As mentioned earlier, I could configure a MongoDB cluster with Pulumi, but the initial setup took about 3 minutes, and there was an issue that M0 clusters cannot be updated. Therefore, the Pulumi infrastructure configuration was actually conducted mainly around AWS. Nevertheless, I could feel overwhelming convenience compared to CDK in managing secret values.
The most regrettable part of this project is that I left MongoDB’s IP restrictions open. To set IP restrictions, NAT Gateway and VPC connection are needed. However, since the cost would increase by about 100 times, I decided not to proceed with it in the current project. This is also a point to leave for future challenges if I use MongoDB again.
Among the internal logic, the duplicate feed checking logic was quite tricky. During the initial Discord channel registration, I gave the wrong lastSentTime value and experienced message spam. I resolved this by setting the transmission time and URL based on the latest post of that feed when registering a new feed. Another problem was that when a feed posted 2 or more items within one scheduling period, the same feeds would appear in the next scheduling. This seemed to be because RSS files like rss.xml are displayed in reverse chronological order, passing through the time and URL-based duplicate check logic. So I added a flag value and modified it to update the last sent post information for the first item.
What I Learned
First, it felt rewarding as it’s my first output created with an AI Agent. I should continue to actively utilize AI tools to maximize output going forward.
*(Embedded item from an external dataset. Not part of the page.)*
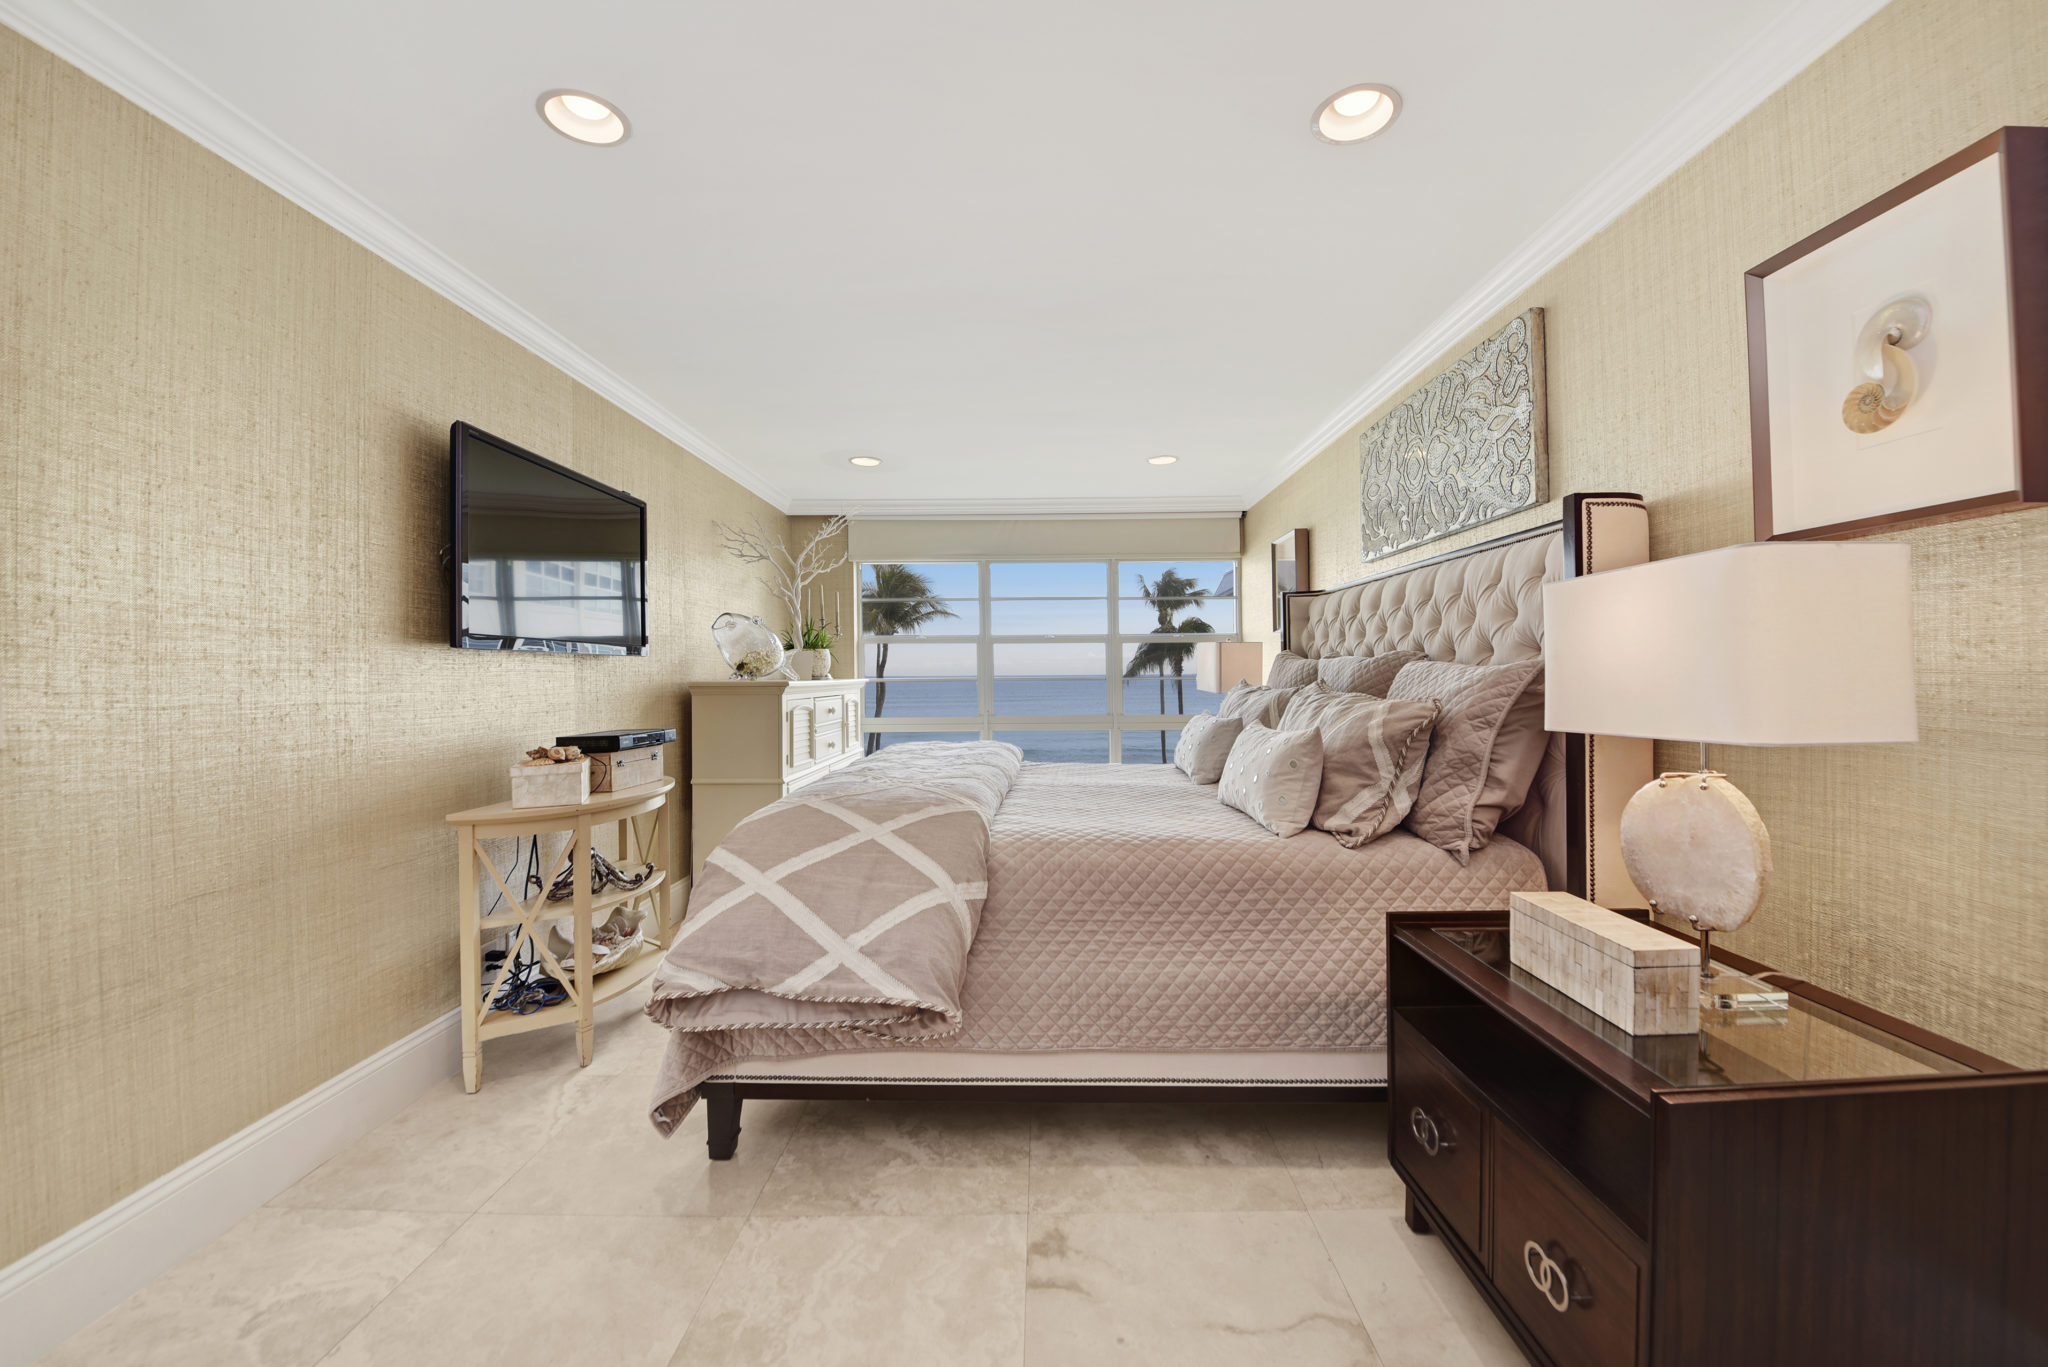 Gulfstream. FL BEach Condo 307 - Architectural Design Studios 4

I also keenly felt that design capabilities are becoming more important than code writing capabilities thanks to AI. Seeing how I kept getting stuck on the design part even when making such a simple project, I realized that I lacked a lot of design experience.
So now I need to create a substantial side project in earnest. While I’d like to do a few more practice games like this one, I’ve become eager to hurry up and create my own side project with my name on it, something I’ve been dreaming about for a long time.
And let’s make sure to write a blog post at least once a month.